Ábalos
El hombre que fabricó a Sánchez puede destruirlo ahora, en un acto de justicia poética impecable
José Luis Ábalos es hijo de torero, lo que le une al destino taurino por antonomasia: vivir con una cornada o morir por ella. Su paso al Grupo Mixto tiene aromas al típico pacto sanchista en las sombras, con una intentona de limitar los daños en todas las partes: tú te vas del PSOE defendiendo tu honradez, con el correspondiente salario reglado, y yo digo que ya no estás con nosotros.
Sea un acuerdo más de los muchos que hace Sánchez en la sentina más próxima o una amenaza del interfecto, que se blinda a la espera del Tribunal Supremo y lanza el mensaje de que no se comerá la mierda él solo, el resultado es el mismo: otra huida hacia adelante, sin luces ni frenos, del tipo que junta a Bonnie and Clyde en un único personaje y ha llegado así a La Moncloa.
Ahora la consigna es decir que Ábalos es el único culpable, o en el mejor de los casos el máximo sospechoso, y que el pobre Sánchez es otra víctima más de las andanzas de un subalterno codicioso, como si él fuera la primera y máxima víctima del cártel de las mascarillas.
Pero la realidad, además de las investigaciones, dice otra cosa. Aun aceptando que Ábalos fuera de algún modo el Pablo Escobar del material médico, con su sicario Koldo haciendo el trabajo sucio, nada explica que Salvador Illa, Fernando Grande-Marlaska, Víctor Torres y Francina Armengol eligieran una de las empresas de la trama, fundada cinco minutos antes, para adjudicarle a dedo contratos millonarios que en sí mismos delataban la mordida posterior.
Porque si el padrino de las firmas era un alto cargo del PSOE a las órdenes de la tercera autoridad del PSOE, no hacía falta ser Premio Nobel para preguntarse si allí pasaba algo raro y hacer las consultas oportunas: nadie se juega el tipo, en plena pandemia, sin el visto bueno de la máxima autoridad, que obviamente es Sánchez.
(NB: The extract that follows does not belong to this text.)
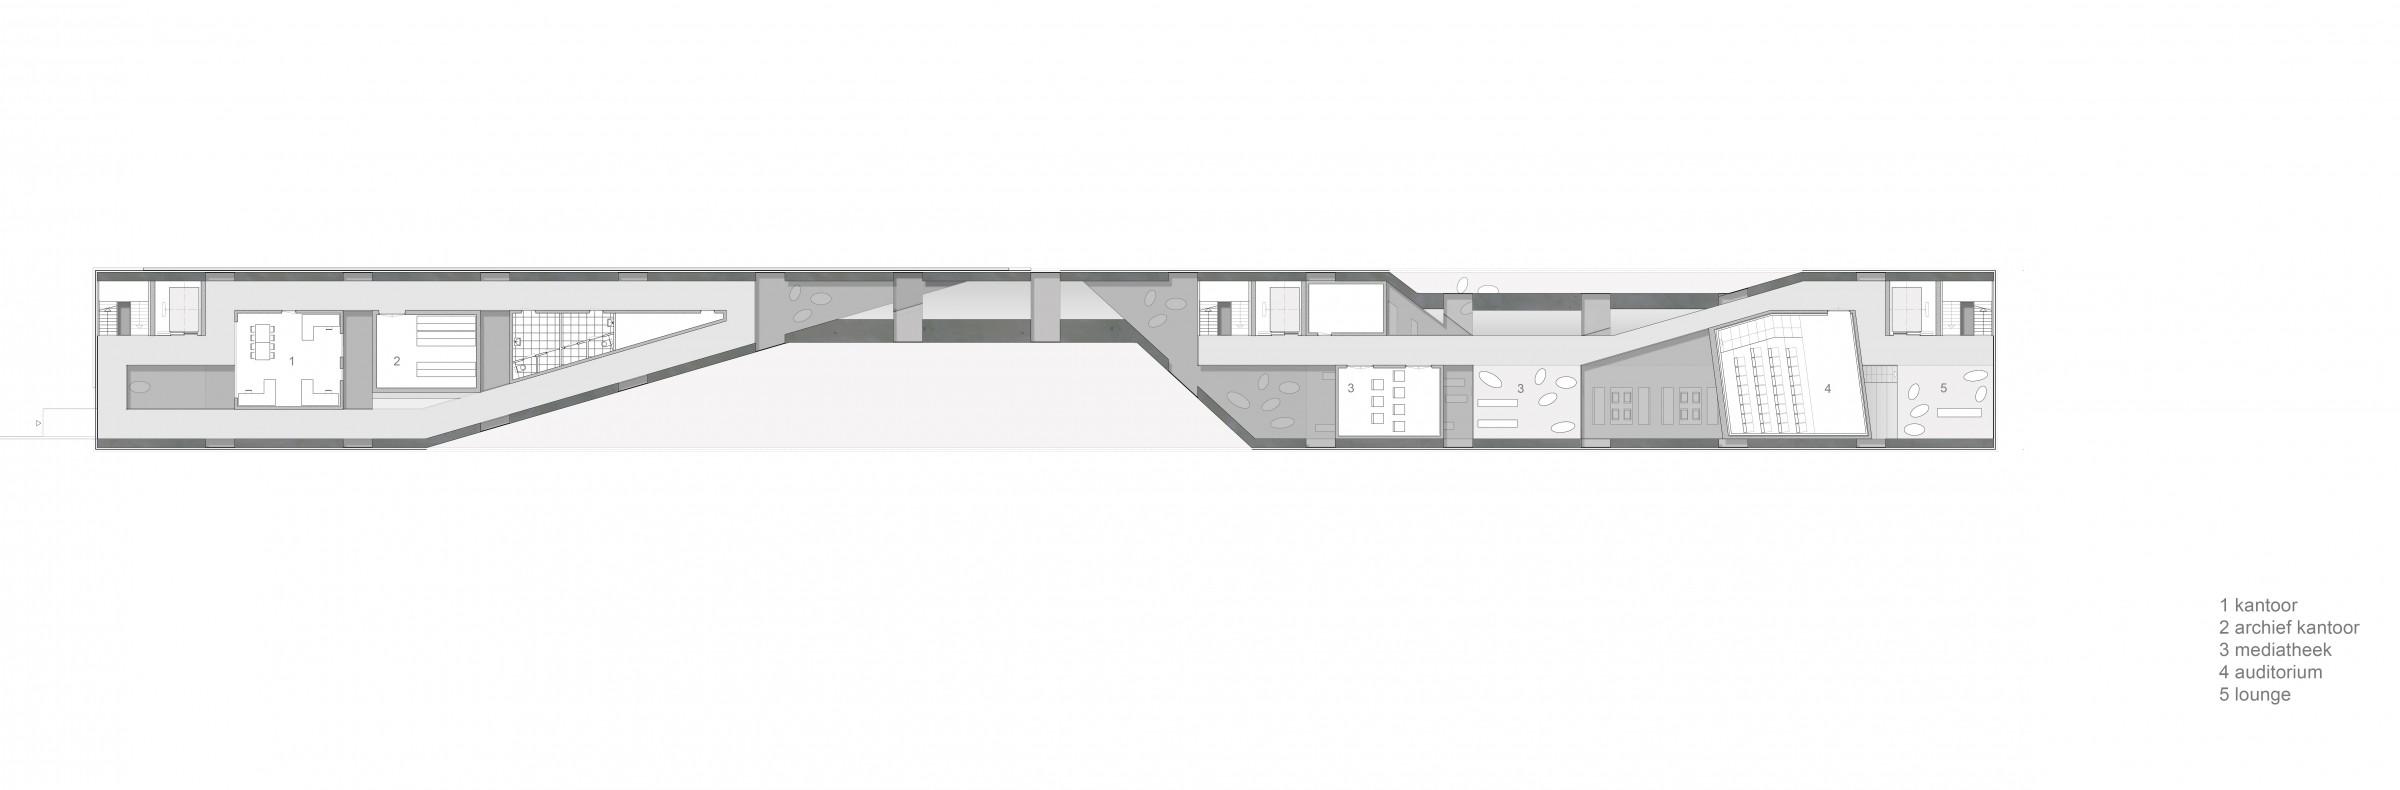 Plattegrond Kleine Keuken : Doorsnede1 archief2 kantoor3 onderhoud archief4 lounge5 mediatheek6

Ya puede ser todo lo corrupto que se quiera Ábalos, en el caso de que lo fuera, que el juego de complicidades incrimina a todos los demás y arruina la intentona de limitar a un garbanzo negro los daños.
Sobre todo si al garbanzo negro lo mimó, como nadie, el propio Sánchez en agradecimiento a los servicios prestados: al hijo del torero le debe ganar las Primarias, con una estrategia de engaños y pactos que el Kennedy de Pozuelo jamás hubiera podido trazar solo.
Y al hijo del torero lo premió dándole casi todo el poder en el Gobierno y el partido, una salida del Consejo de Ministros sin acusaciones, un nuevo destino remunerado en el Congreso y el amparo absoluto ante escándalos de la magnitud de las maletas de Delcy o el rescate de Plus Ultra.
Sánchez concedió impunidad a Ábalos hasta que, por dársela, iba a aparecer como cómplice de sus andanzas con Koldo, el elegido para custodiarle los avales en aquella jugarreta que le llevó al liderazgo socialista. Y solo cuando tuvo miedo a que el escándalo se lo llevara por delante, apretó el botón nuclear del oprobio a ver si colaba.
Pero no cuela: Ábalos sin Sánchez no hubiera sido nunca gran cosa, pero Sánchez sin Ábalos no hubiese sido nada. La especulación de ambos con las mascarillas en plena pandemia, con los cementerios tan desbordados como los hospitales, les une definitivamente en el destino: solo un imbécil, o un pensionado del Régimen, puede pensar que la mano derecha no sabia lo que hacía la mano izquierda, ambas sincronizadas y con la palma extendida.